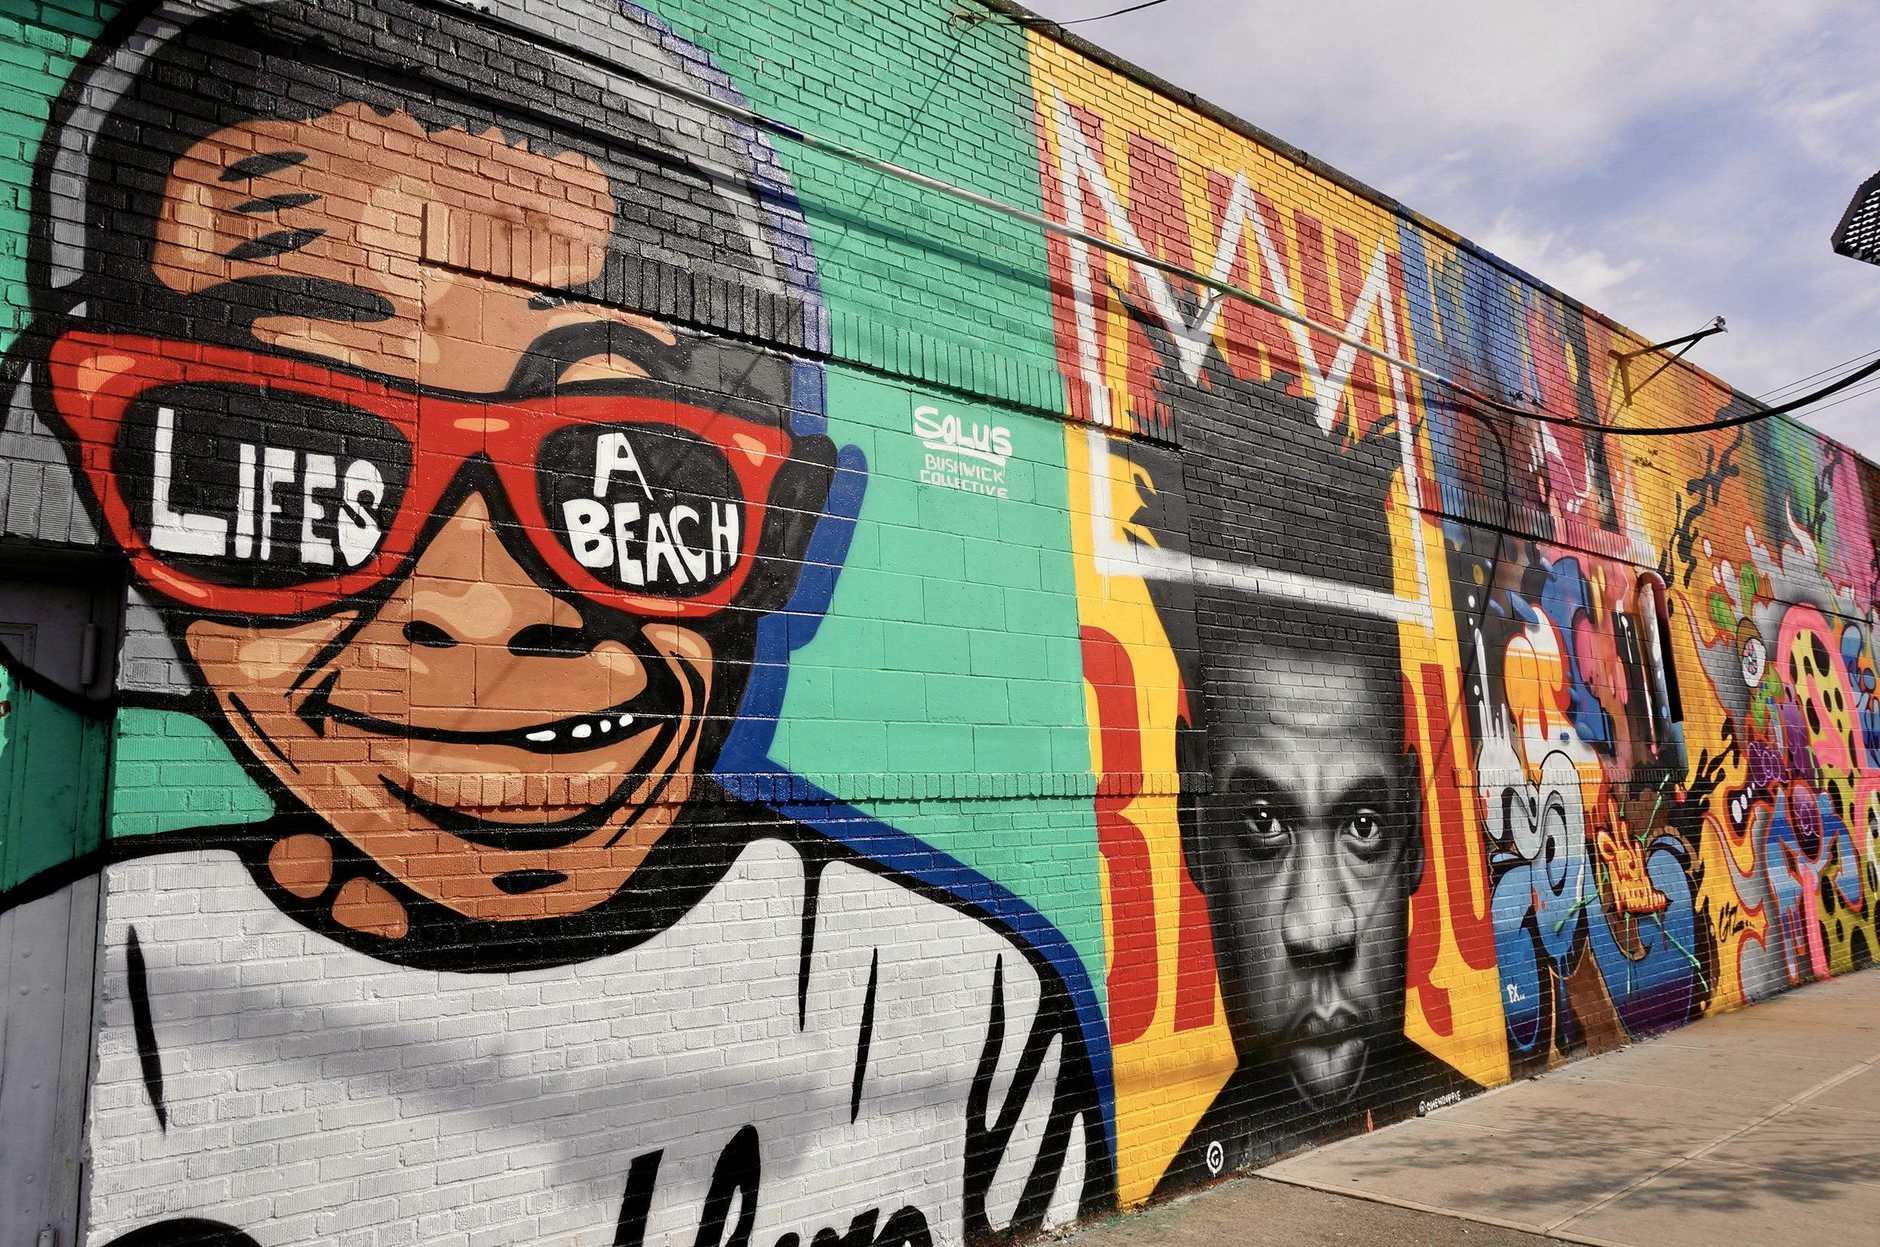 Street art in Bushwick, New York.
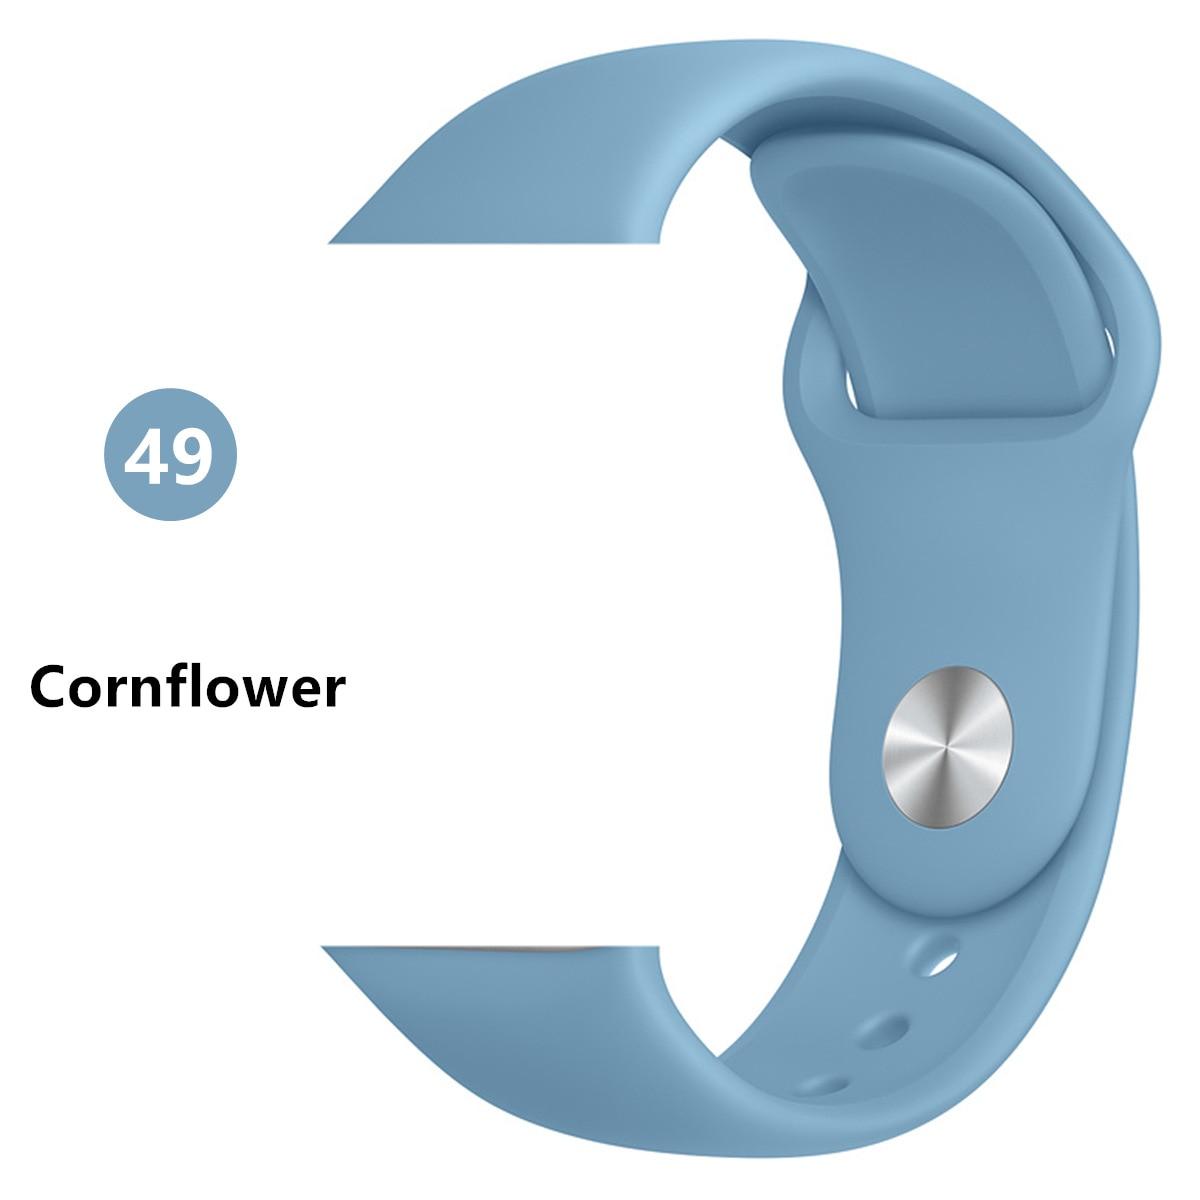 Ремешок для Apple Watch 38 мм 42 мм iWatch 4 ремешка 44 мм 40 мм спортивный силиконовый ремень браслет Apple watch 5 4 3 2 Аксессуары для ремешка - Цвет ремешка: Cornflower
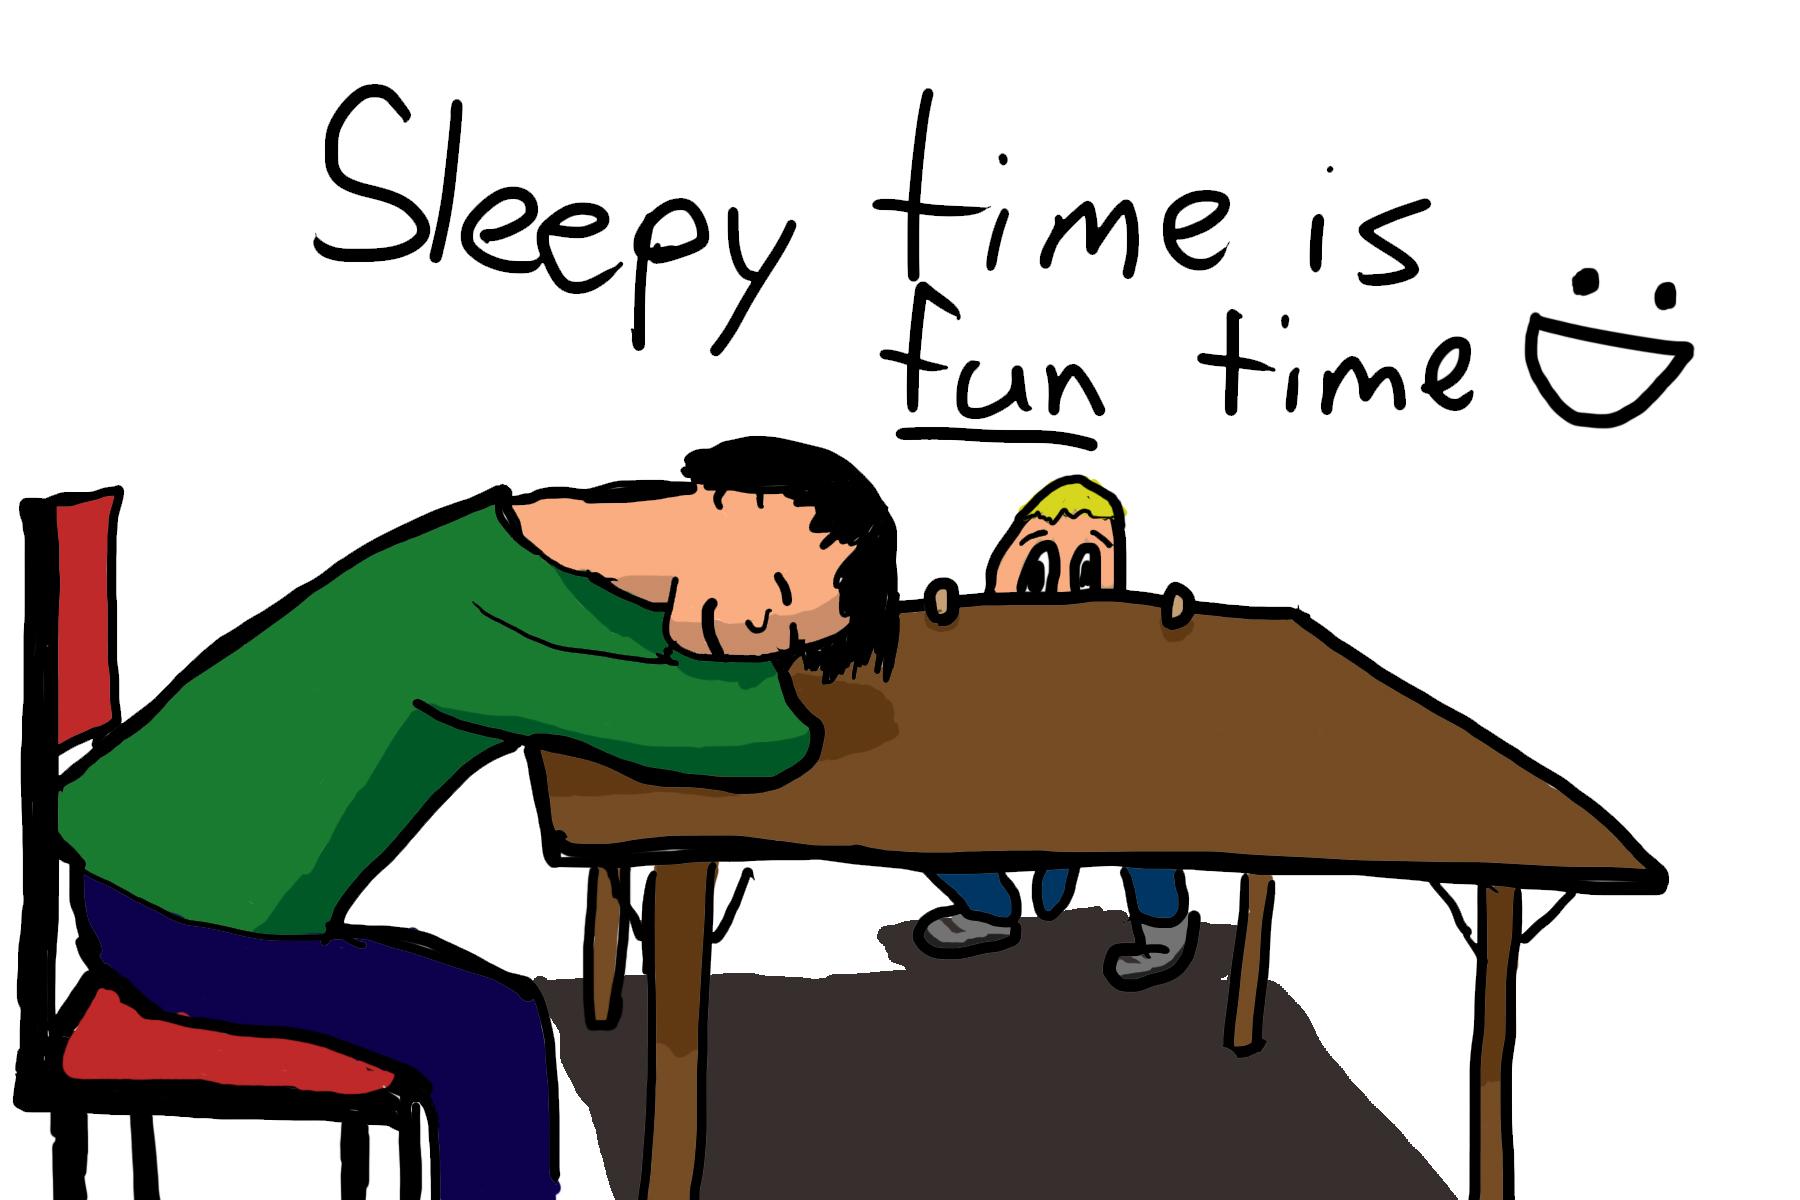 Sleepy Fun Time

▶ **PROBLEM STATEMENT**:
A word-for-word copy is required of the lines above from the line with "Ремешок для Apple" through the last line of the data; no other lines and no pictures belong in it.

▶ **SOLUTION**:
 Ремешок для Apple Watch 38 мм 42 мм iWatch 4 ремешка 44 мм 40 мм спортивный силиконовый ремень браслет Apple watch 5 4 3 2 Аксессуары для ремешка - Цвет ремешка: Cornflower
 Sleepy Fun Time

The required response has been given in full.